Oscar Wilde fans are in for a treat at this year’s Bridport Literary Festival when writer Matthew Sturgis unveils the first major biography on the poet and playwright in thirty years.
The talk on Oscar: A Life takes place in the ballroom of The Bull Hotel, Bridport, on Thursday 8 November at 2.30pm, and is in addition to the events already lined up in the programme. Tickets, at £10 are, available online at bridlit.com or from Bridport Tourist Information Centre on 01308 424901.
Wilde’s life – like his wit – was alive with paradox. He was both an early exponent and victim of ‘celebrity culture’. Ridiculed and disparaged, his successes were resented. He had a genius for comedy but strove to write tragedies. He was happily married and yet his love of men became his ultimate downfall.
Matthew Sturgis, who was widely praised for his biography of artist Walter Sickert, brings alive the radical ideas, the distinctive characters and the flaring colours of the fin de siècle to write the richest account of Wilde’s life to date.
For example, did you know Wilde’s brother nicknamed him Lawn Tennysonian? That he ardently wished that he had blonde hair? And advocated finely-spun woollen underwear?
Following in the footsteps of Oscar Wilde – from his birthplace in Dublin and walking the literary streets of Paris, to the high altitudes of the Rockies and the discovery of a young woman to whom Wilde ‘lost his heart’, the shadowy corners of Reading and Wandsworth prisons — acclaimed historical biographer Matthew Sturgis uncovers and brings together fascinating new material and recent research to create the first full major biography in thirty years.
Written with the perspective of an historian, rather than a literary critic, Sturgis aims to set Wilde in the context of his times and give a sense of his life as he experienced it, rather than with the foreboding of his final years.
Through extensive research, taking over six years, Sturgis has dug into Wilde’s past and brought a new focus to bear on many areas of his life which have been overlooked, or hurried past, by previous biographers.

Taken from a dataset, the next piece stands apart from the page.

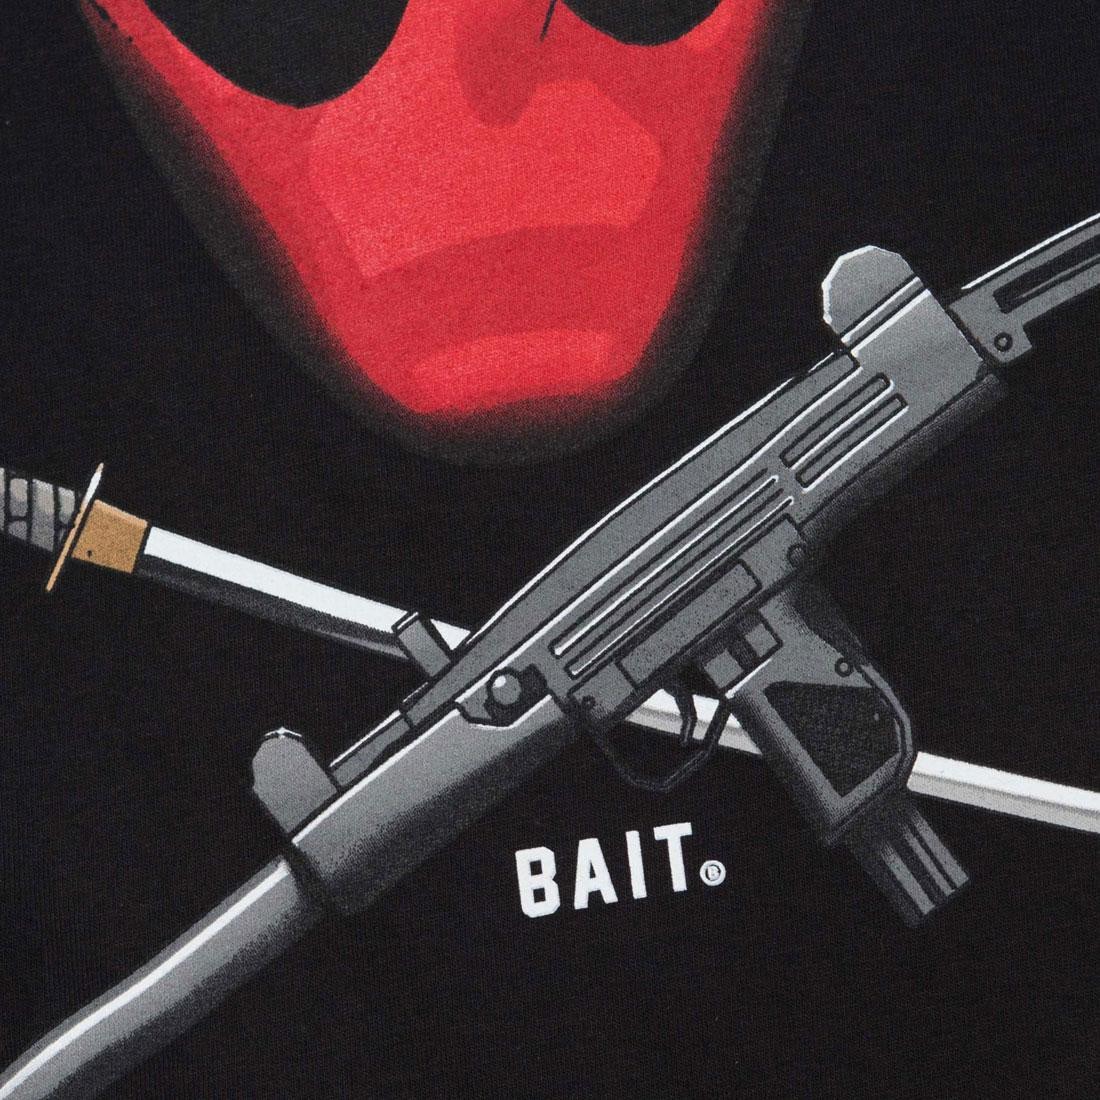 Bait ベイト Bait Deadpool 好評予約受付中 こちらは Ratata T という名前 のアイテム おそらく銃の音をユニークなデップーらしく表現しています 海賊のようなかっこいいグラフィックも必見 予約はこちらから T Co Yaku1ajkgz

These include as his schooldays at Portora, friendships with the heirs to the Pre-Raphaelite tradition, the importance of George Lewis in his early career, the particular dynamics of his relationship with Whistler, his early plays (Vera and The Duchess of Padua) and his editorship of Woman’s World.
Even someone with an expert knowledge of Wilde’s life will find much that is new and unfamiliar in every chapter of this captivating biography.
Matthew Sturgis is a London-based writer with a particular enthusiasm for the cultural world of the late-nineteenth century. He is the author of acclaimed biographies Aubrey Beardsley: A Biography (Flamingo 1999) and Walter Sickert: A Life (Harper Perennial 2011). As well as other non-fiction titles, he is the co-author of The Downton Abbey Chronicles (Collins 2012). He is a member of the Oscar Wilde Society and contributes to their journal The Wildean. He also previously contributed to the TLS, Daily Telegraph and Independent on Sunday.
Oscar: A Life by Matthew Sturgis is published by Head of Zeus on 4 October in hardback at £25.